Свобода - Михаил Бутов 10 стр.


Перемена на бездорожье не особенно осложнила нам жизнь: крепко скованный наст отлично держал — глубже чем по щиколотку ноги не погружались. Со следующего холма действительно открылось озеро.

Нам нужно было пересечь его по диагонали. Издали озеро представлялось сильно вытянутым в длину, зато довольно узким. Но когда мы вышли на середину, у меня по-настоящему захватило дух.

Прежде вездеходка все ныряла из овражка в овражек или лес в большей или меньшей степени заслонял панораму. А тут на километр самое малое куда ни глянь был только ровный ледяной стол.

Деревья по берегам и редкие взобравшиеся на самые склоны стали будто черная тонкая штриховка — обозначился истинный масштаб, как бы размерность гармонии. И совершенная, мертвая тишина.

Время, которое я принес с собой, размеченное гулкими толчками пульсирующей крови, зависло и оседало — как изморозь, как поднятая куропаткой снежная пыль. Пока я стоял, пытаясь соотнести себя с этим суровым величием, Андрюха успел достаточно далеко оторваться. Очнувшись, не сразу отыскав глазами его уменьшившуюся фигурку, я в короткий миг сполна прочувствовал, каково остаться здесь в одиночестве. Позвал — звук не длился, тишина тут же смыкалась. Бросился догонять — и старался вести лыжи с нажимом, чтобы звонче хрустела под стальным кантом ледяная крошка.

Не знаю, как Андрюху, а меня сумерки застигли врасплох. Как-то я упустил из виду, что день здесь должен оказаться значительно короче, нежели на широте Москвы. К тому же Андрюхины железные клятвы: ночь будем встречать у огня и под крышей… Ну и где этот огонь, где эта крыша? И как мы пойдем дальше? Темнело от минуты к минуте. Фонаря не было. То есть сам фонарь Андрюха взял, но забыл батарейки. Да и много ли фонарем высветишь в чистом поле?

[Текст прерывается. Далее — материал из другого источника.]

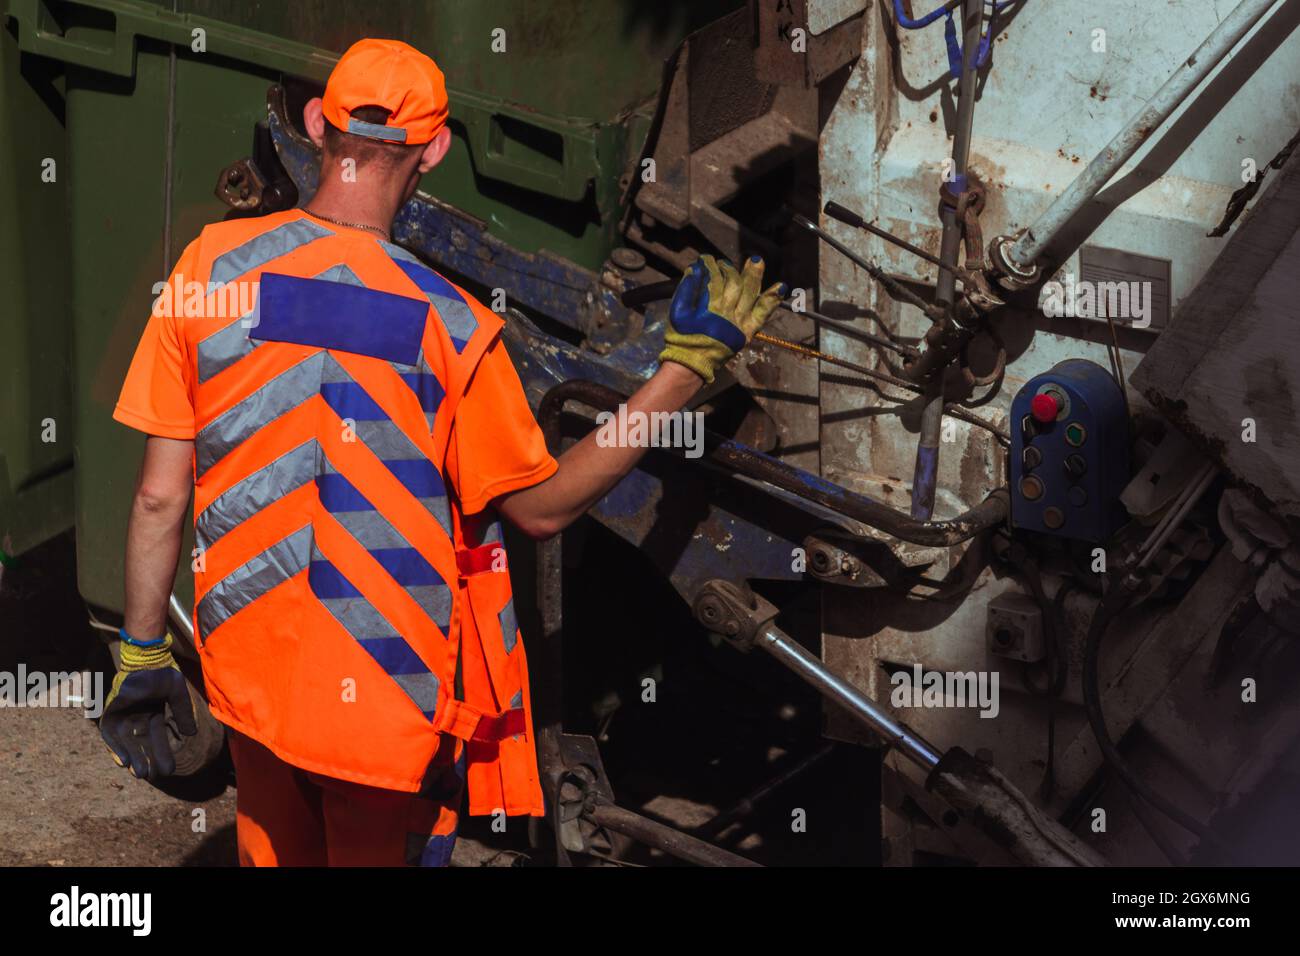 Workers in bright orange uniforms are taking out garbage.  Stock Photo

Мы уже бегом бежали вдоль берега, сперва в том же направлении, что и раньше, потом повернули обратно, — Андрюха метался, не находил знакомых ориентиров, зло молчал. Но темнота так и не сгустилась до полной непроглядности. Вроде бы не было никакого света, чтобы отражался от снега: пасмурное небо, ни звезд, ни луны — однако основные детали ландшафта, даже дальние, читались ясно. Наконец Андрюха отстегнул саночную шлею, скинул рюкзак и уселся на него. Привал.

— Хорошо, — признался он, — я перепутал. С той стороны плохой обзор. Нам, пожалуй, вон туда… — и указал палкой в самый конец озера, где впадала, наверное, маленькая речка или ручей: берега сходились под острым углом в аппендикс. — Видишь просеку?

Ни черта я не видел. Елки и елки. Черная полоса на призрачно-белом. Но кивнул.

— Ага, — сказал Андрюха, — стало быть, я не ошибаюсь. Взберемся по ней — и дома. Есть хочешь?

— Конечно.

— Ничего. Через час будем там. Заделаем праздничный ужин…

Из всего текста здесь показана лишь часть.